CoordMode, Mouse, Screen

^Rbutton::
Gui, Color, blue
Gui, +LastFound -caption +border +AlwaysOnTop
WinSet, Transparent, 50
MouseGetPos, Xpos1, Ypos1
loop {
	MouseGetPos, Xpos2, Ypos2
	Xpos3 := (Xpos2 > Xpos1) ? Xpos2 - Xpos1 : Xpos1 - Xpos2
	Ypos3 := (Ypos2 > Ypos1) ? Ypos2 - Ypos1 : Ypos1 - Ypos2
	XPos4 := (Xpos2 > Xpos1) ? Xpos1 : Xpos2
	YPos4 := (Ypos2 > Ypos1) ? Ypos1 : Ypos2
	Gui, Show, x%Xpos4% y%Ypos4% w%Xpos3% h%Ypos3%
	GetKeyState, Key, Rbutton, P
	If Key = U
		Break
}
Gui, Destroy
OCR := GetOCR(XPos4, Ypos4, Xpos3, Ypos3)
MsgBox, 4,, %OCR%
IfMsgBox, Yes
	clipboard := OCR
Return

When having CTRL and RButton held down, you can drag your mouse to select an area for character recognition. It will then do the OCR command on the area you had selected. It will return with a message box, and if you select yes, it will copy it to the clipboard.

Foo
  • Members
  • 37 posts
  • Last active: Nov 23 2011 02:22 AM
  • Joined: 09 Feb 2006
When I try to use your example with just grabbing a small section of text on the screen it grabs way more area than what I would like.
I am trying to tell it to just read a small square at x187 y252 to x264 y249.
It seems to be grabbing a large rectangular section taller than what I am anticipating.
Do I have the coordinates labeled in the proper order? x of the beginning top most left corner to the x in the bottom right most corner?

#SingleInstance Force
#Include OCR.ahk

^Rbutton::

OCR := GetOCR(187, 252, 264, 249)
MsgBox %OCR%

IfMsgBox, Yes
   clipboard := OCR

Return


GeekDude
  • Spam Officer
  • 391 posts
  • Last active: Oct 05 2015 08:13 PM
  • Joined: 23 Nov 2009
The way the OCR function works, you put in the x coordinate, then the y coordinate, then the WIDTH of the area you are searching in, then the HEIGHT of the area you are searching in. To find the width an height, use this formula:
InputBox, TopLeftX, X1, Enter the x position of the top left corner.
InputBox, TopLeftY, Y1, Enter the y position of the top left corner.
InputBox, LowerRightX, X2, Enter the x position of the top left corner.
InputBox, LowerRightY, Y2, Enter the y position of the top left corner.

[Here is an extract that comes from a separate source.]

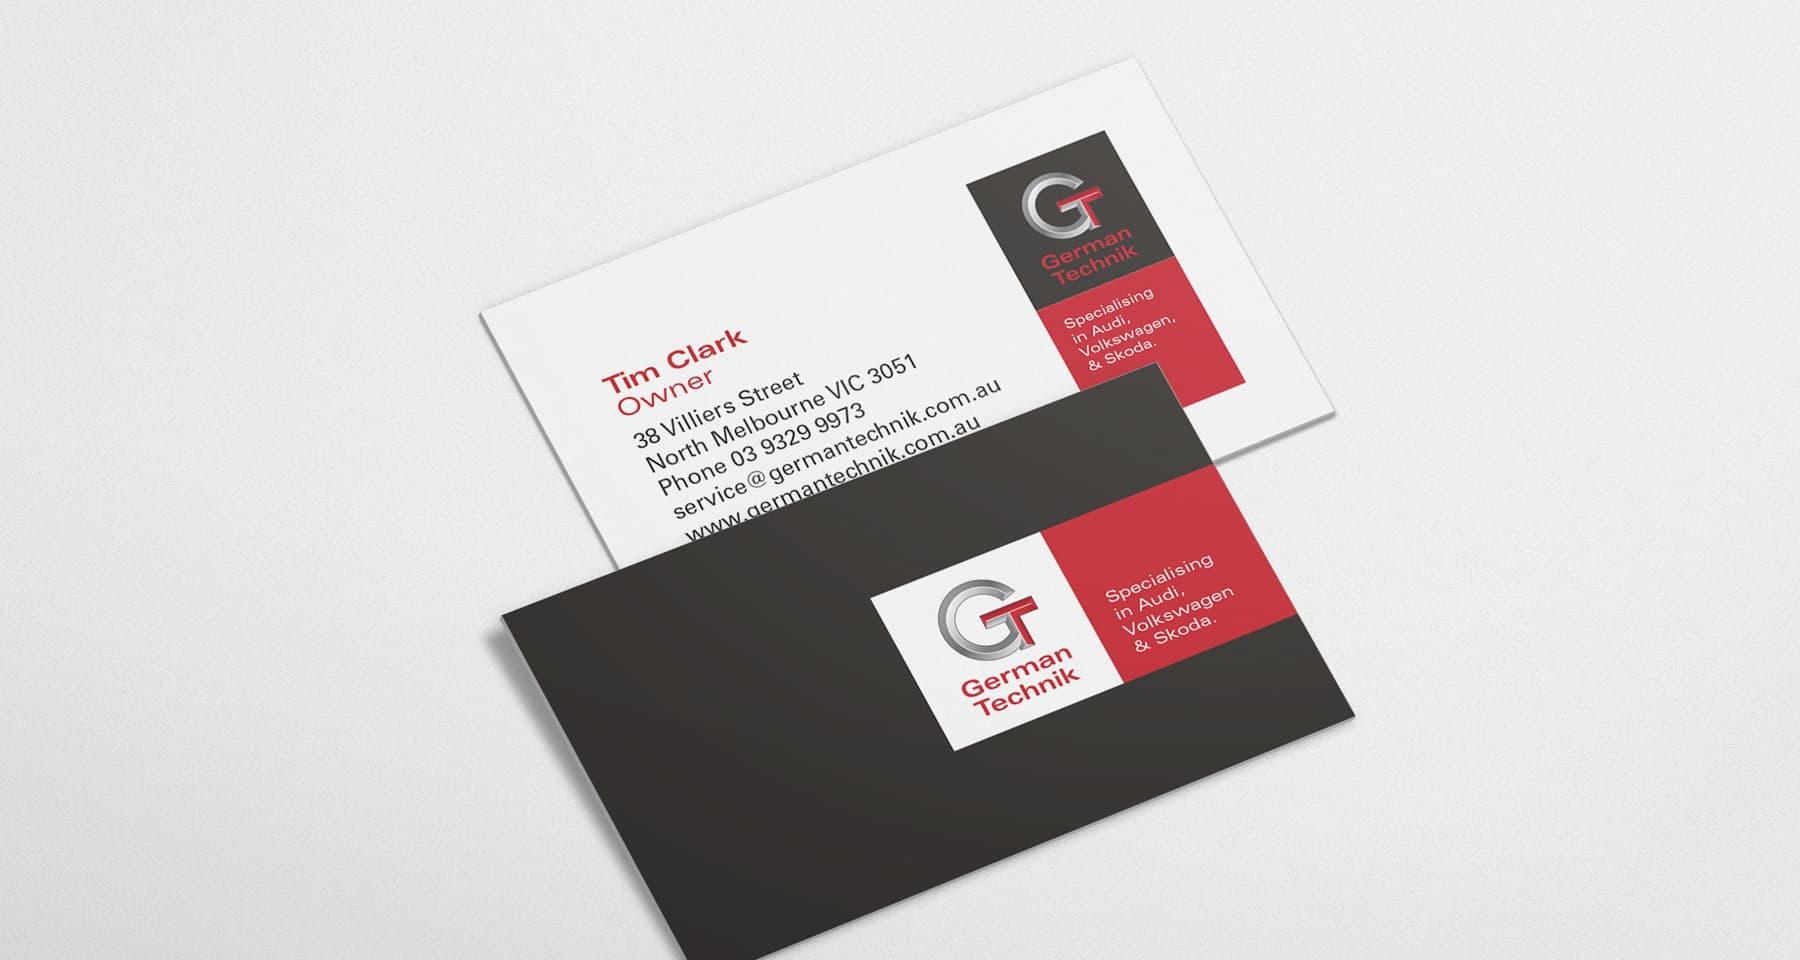 German technik business cards studio ink german technik business cards colourmoves

w := LowerRightX - TopLeftX
h := LowerRightY - TopLeftY

x := TopLeftX
y := TopLeftY

MsgBox, %x%`, %y%`, %w%`, %h%


Foo
  • Members
  • 37 posts
  • Last active: Nov 23 2011 02:22 AM
  • Joined: 09 Feb 2006
Thank you for that explanation. I was able to capture text from an area of the screen exactly how I want to with that understanding.

I appreciate your help very much.

THanks again.